Interview Data Analysis
Across 432 coded entries, three thematic clusters emerged: 100-series (problems), 200-series (current experience), and 300-series (desired experience).
Problems (100-series)
176 entries
Current Experience (200-series)
135 entries
Desired Experience (300-series)
105 entries
Every top desired-experience code pointed toward system-level transparency — not toward any product placed at the door.
Key Insight & Pivot
The picture that emerged from triangulating all three clusters revealed a home security product would fail to solve the actual pain points participants expressed. Package theft wasn't frequent, severe, or costly enough to justify added cost or complexity — users simply didn't value their packages enough to pay more to protect them.
The real problem was a broken delivery system that's inconsistent, unaccountable, and indifferent to the recipient. The driver research added another dimension: because drivers prioritize efficiency over careful handling, we needed a solution that worked with driver incentives rather than against them.
That reframe suggested a different design space entirely: rather than securing the home, we could redesign the delivery ecosystem itself. The infrastructure already existed in adjacent industries — Uber Eats and DoorDash had proven that real-time tracking and delivery windows were solvable at scale, and autonomous sidewalk robots were already navigating last-mile routes in LA. We weren't inventing new technology. We were taking the real-time tracking, scheduled delivery windows, and autonomous last-mile infrastructure proven by food delivery and pointing it to package delivery.
Outcome
The research redirected the project entirely.
What started as a home security concept became a connected delivery ecosystem because the data proved users didn't have a security problem — they had a system problem.

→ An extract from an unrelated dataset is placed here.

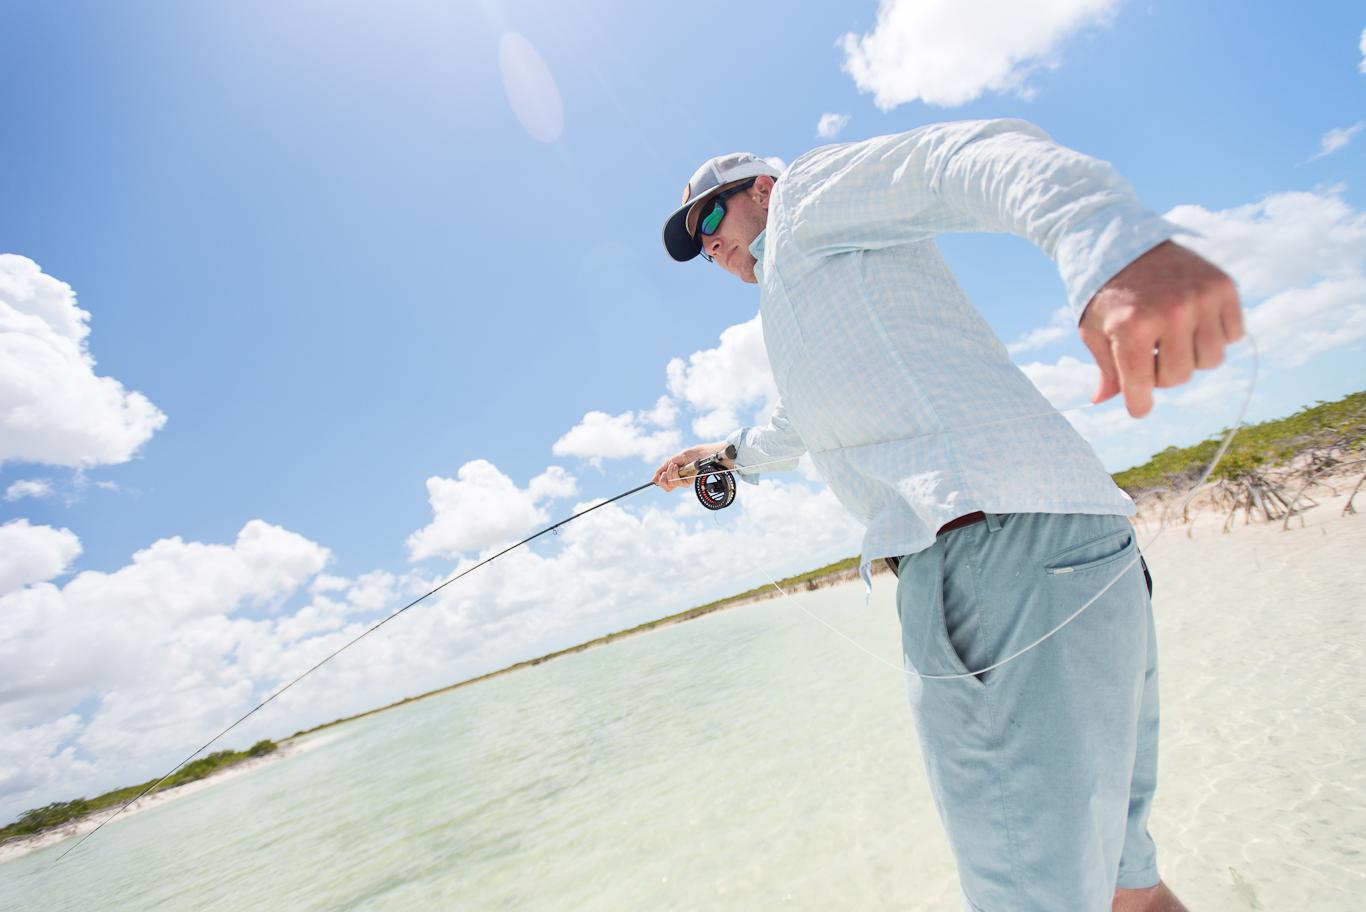 Bahamas, South Andros, Flyfishing, Bonefish
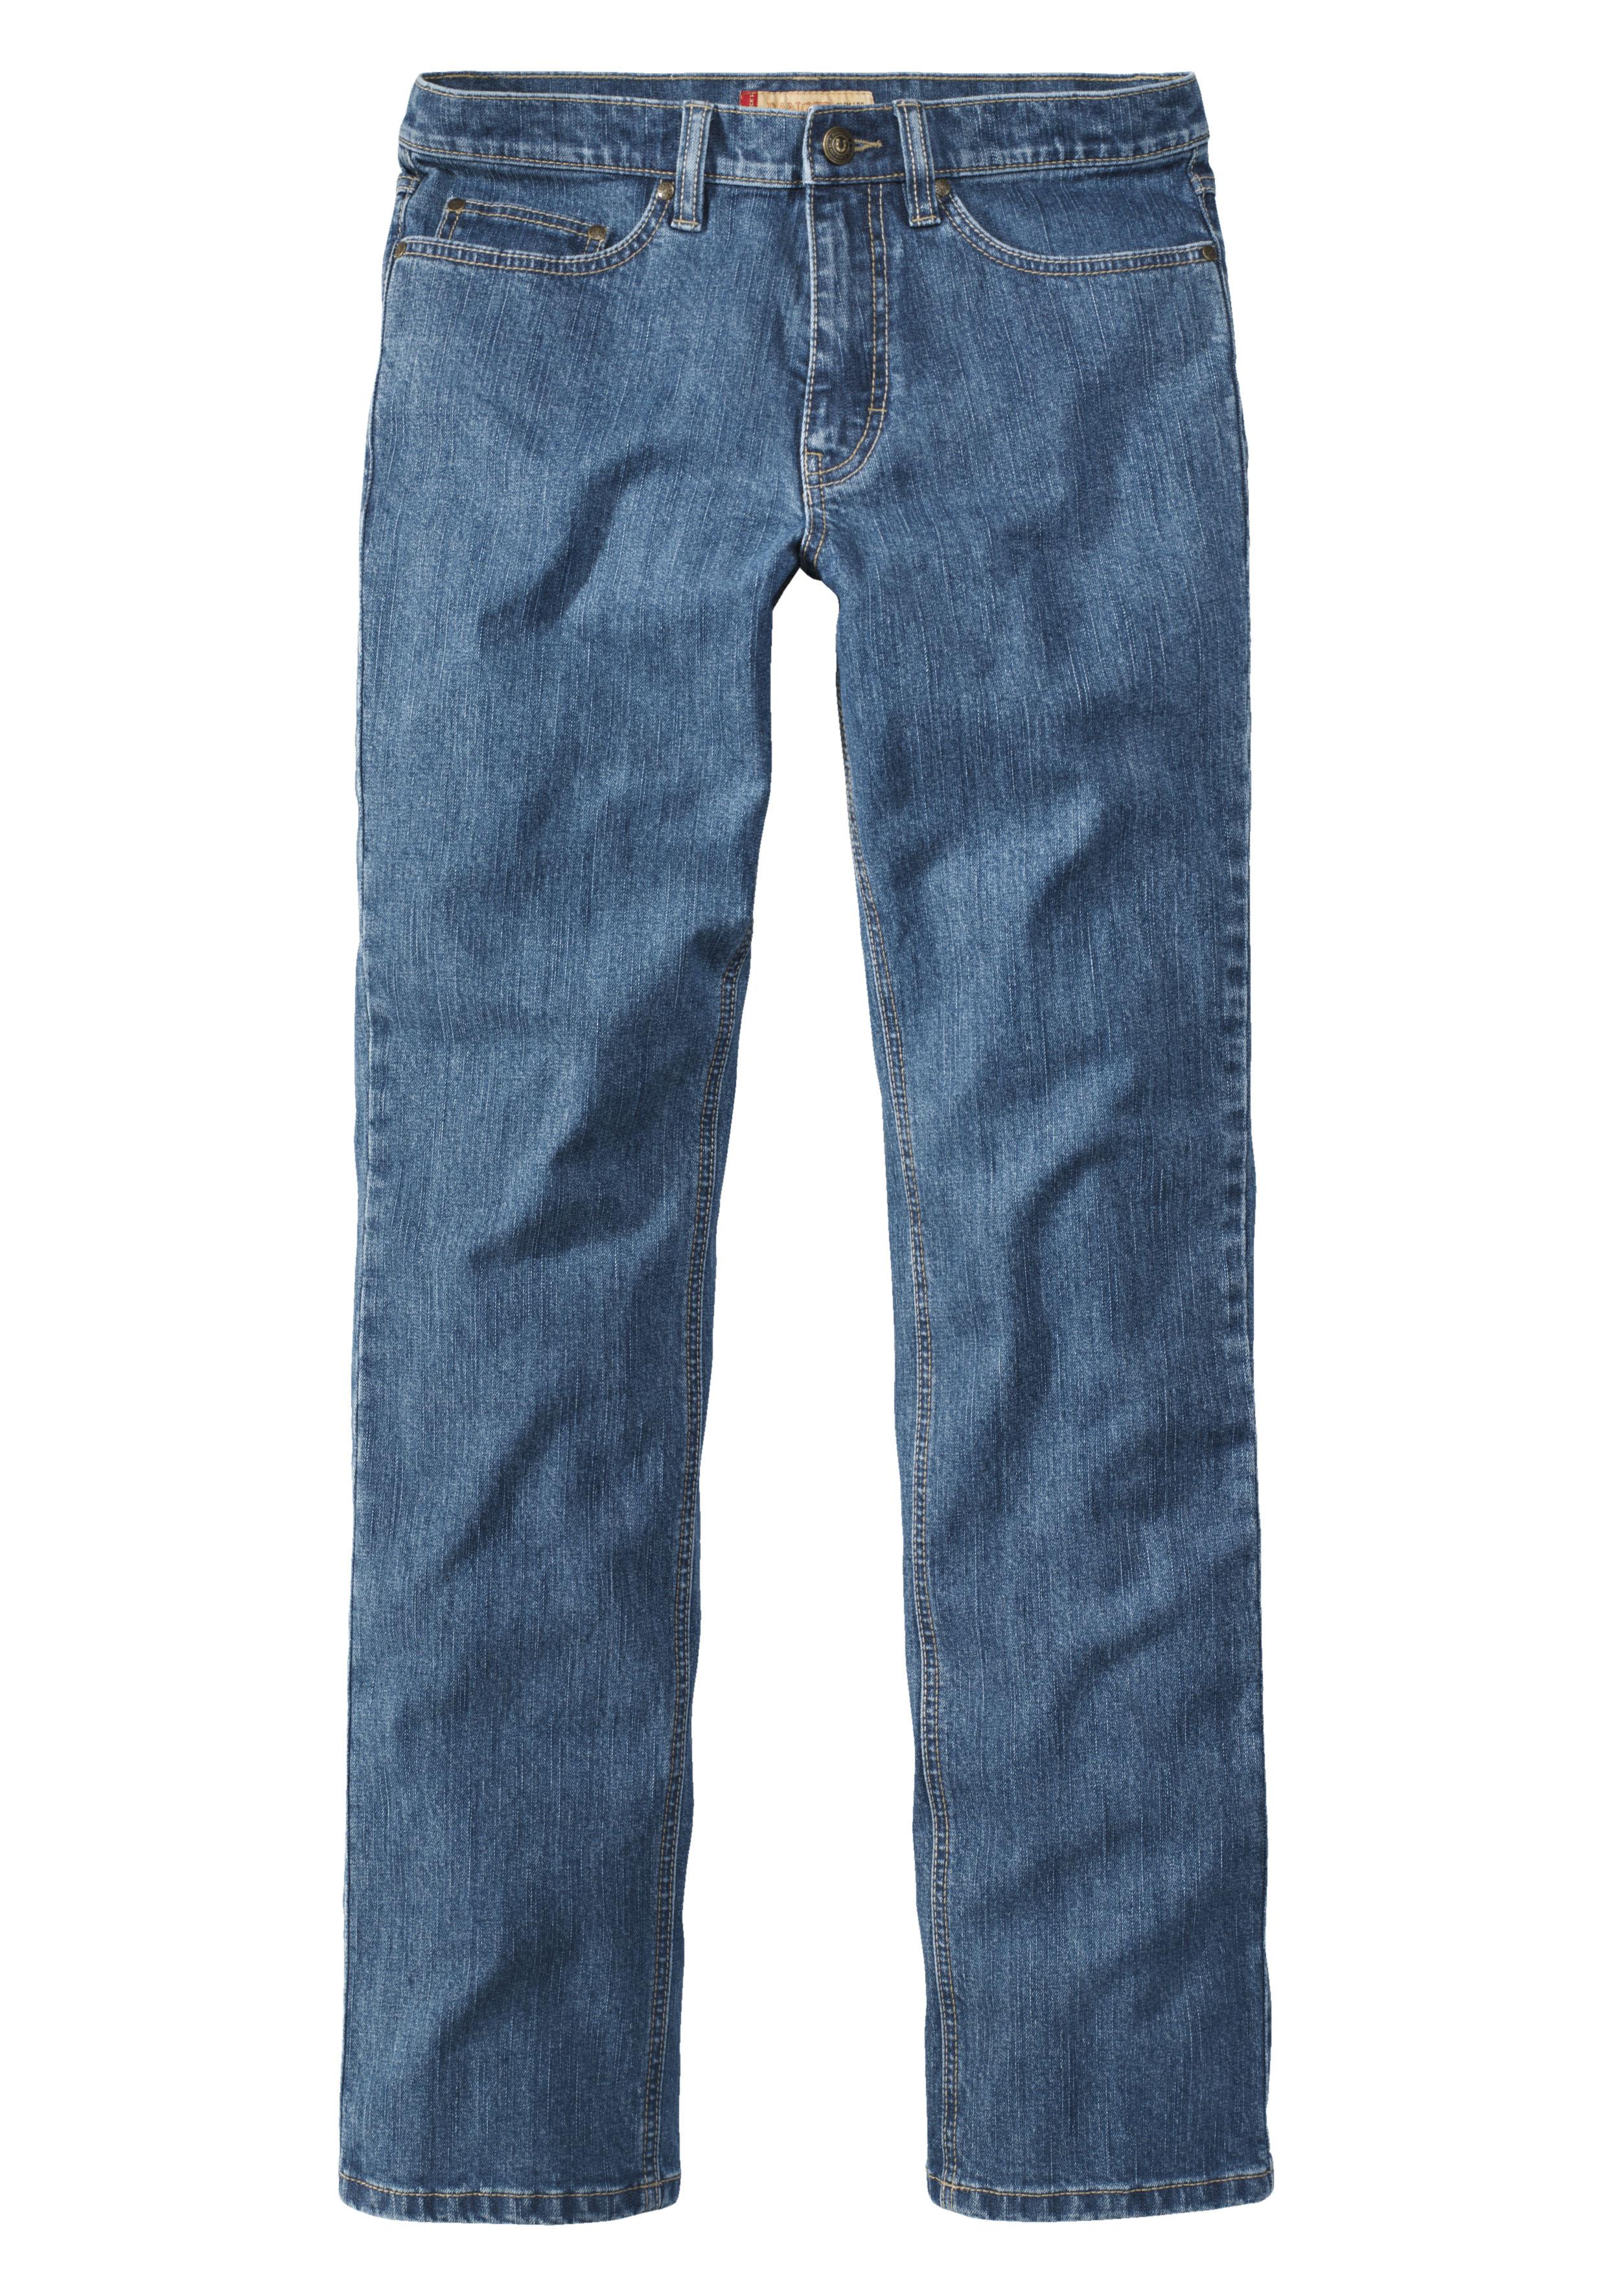 Paddocks Jeans, Ranger, steen blauw

The five findings I synthesized became the design brief: build around tracking transparency, secure-by-default delivery, customizable scheduling, and zero added cost to the user.
The final ecosystem — app-based delivery scheduling, neighborhood lockers, and 24-hour autonomous robot delivery — was presented at the end-of-quarter review, received well by both the class and professor, and nominated for submission to two design awards.
Delivery Ecosystem — System Flow
Full system flowchart mapping all delivery paths from hub to recipient.
Final Design: The App
The Convoy app gives recipients control over their delivery experience — scheduling windows, choosing delivery methods, and real-time tracking across all carriers.
Final Design: The Locker
Neighborhood lockers provide secure-by-default delivery. The kiosk interface and NFC-enabled retrieval eliminate porch exposure entirely.
Reflection
The final concept depends on user trust in autonomous delivery robots that we never validated. I'd research that perception early, before the solution took shape, since a concept that hinges on an unproven behavioral assumption is fragile regardless of how strong the surrounding research is.
I'd also stratify recruitment: 77% of survey respondents were 18–24, and the "theft doesn't equal behavior change" pattern may not hold for older demographics who order more frequently and carry different theft risk profiles.
Finally, I'd protect time for at least one round of usability testing before the final presentation — the multi-path delivery model was never tested for actual comprehension.